**Exercise details:** Everything in the listing below has to be repeated exactly, except the pictures.

**Source data:**

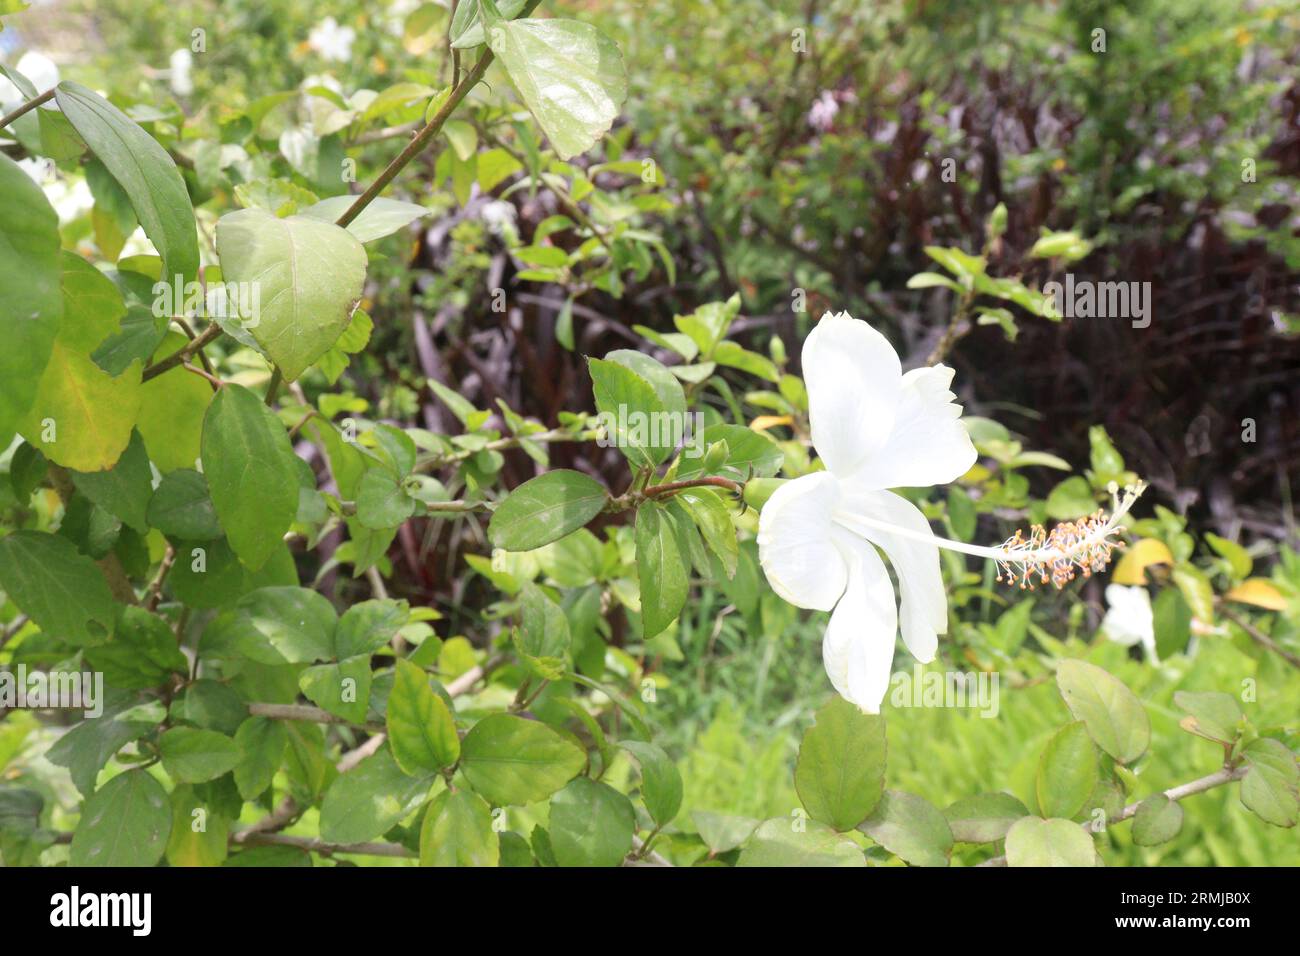 White colored shoeblackplant flower on garden for harvest are cash crops Stock Photo
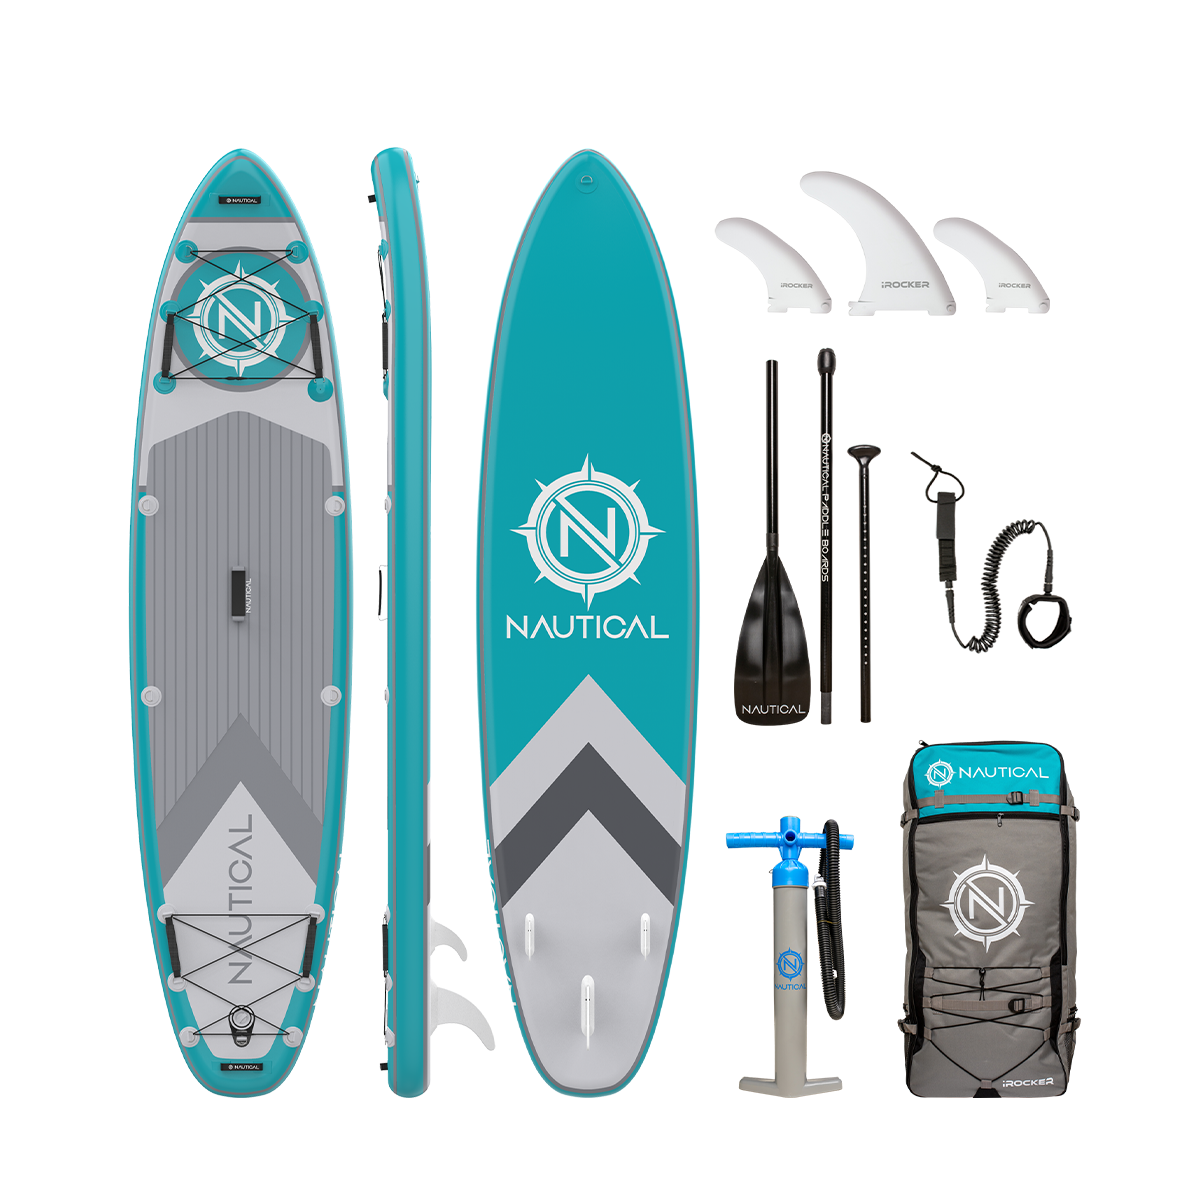  Inflatable Paddle Board
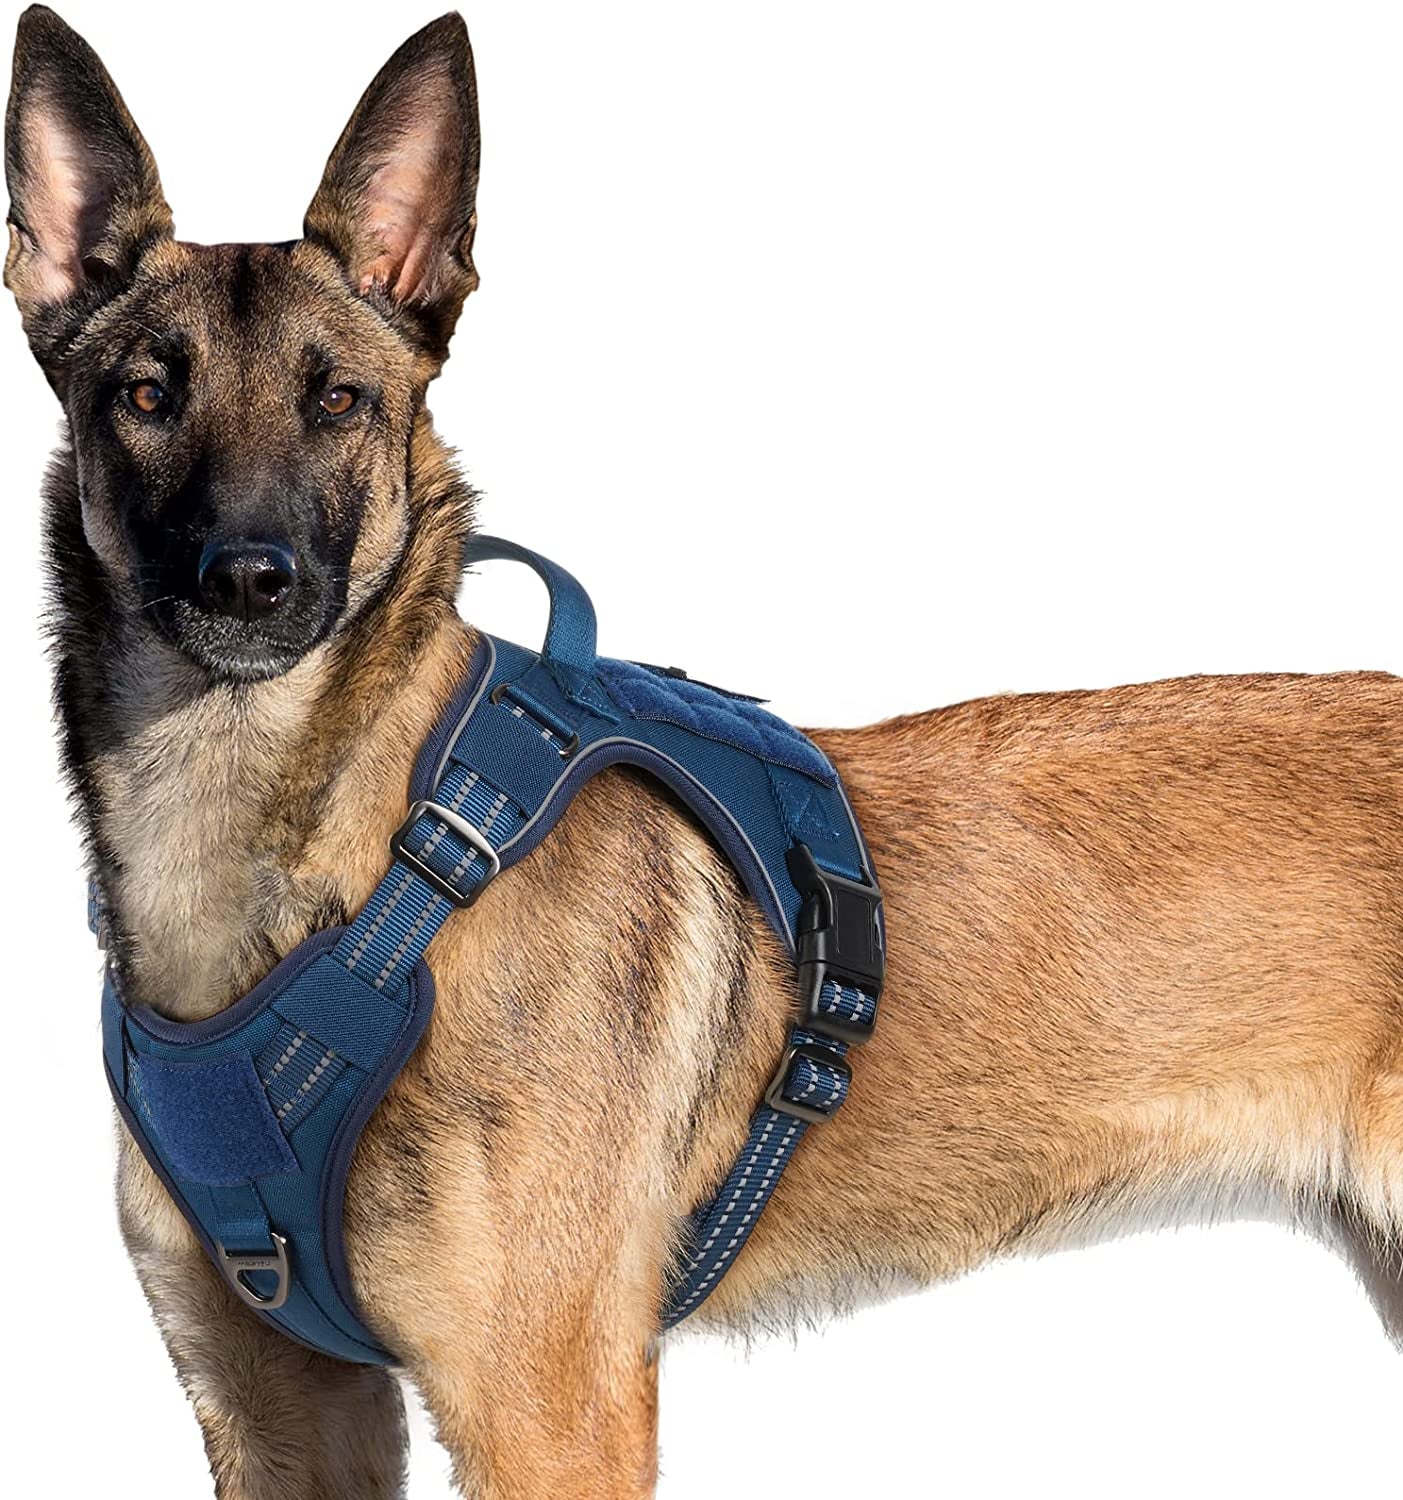 Rabbitgoo Tactical Dog Harness No Pull, Military Dog Vest Harness with Handle & Molle, Easy Control Service Dog Harness for Large Dogs Training Walking, Adjustable Reflective Pet Harness, Black, L Animals & Pet Supplies > Pet Supplies > Dog Supplies > Dog Apparel GLOBEGOU CO.,LTD Blue X-Large 
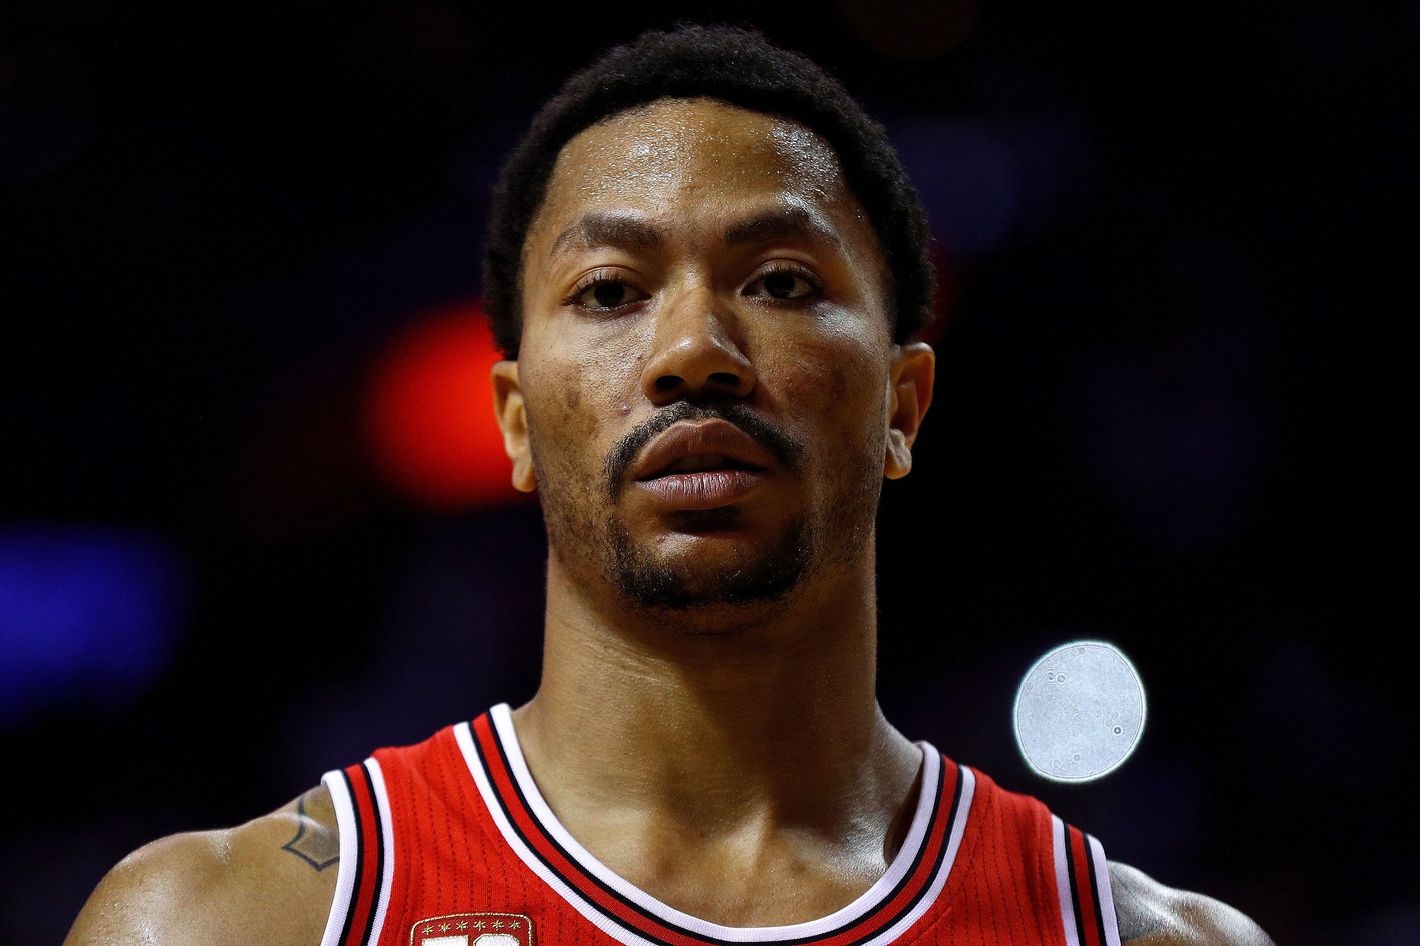 Woman Who Accused Derrick Rose Of Gang Rape Speaks Out

**Exercise solution:**
 White colored shoeblackplant flower on garden for harvest are cash crops Stock Photo
  Inflatable Paddle Board
 Rabbitgoo Tactical Dog Harness No Pull, Military Dog Vest Harness with Handle & Molle, Easy Control Service Dog Harness for Large Dogs Training Walking, Adjustable Reflective Pet Harness, Black, L Animals & Pet Supplies > Pet Supplies > Dog Supplies > Dog Apparel GLOBEGOU CO.,LTD Blue X-Large 
 Woman Who Accused Derrick Rose Of Gang Rape Speaks Out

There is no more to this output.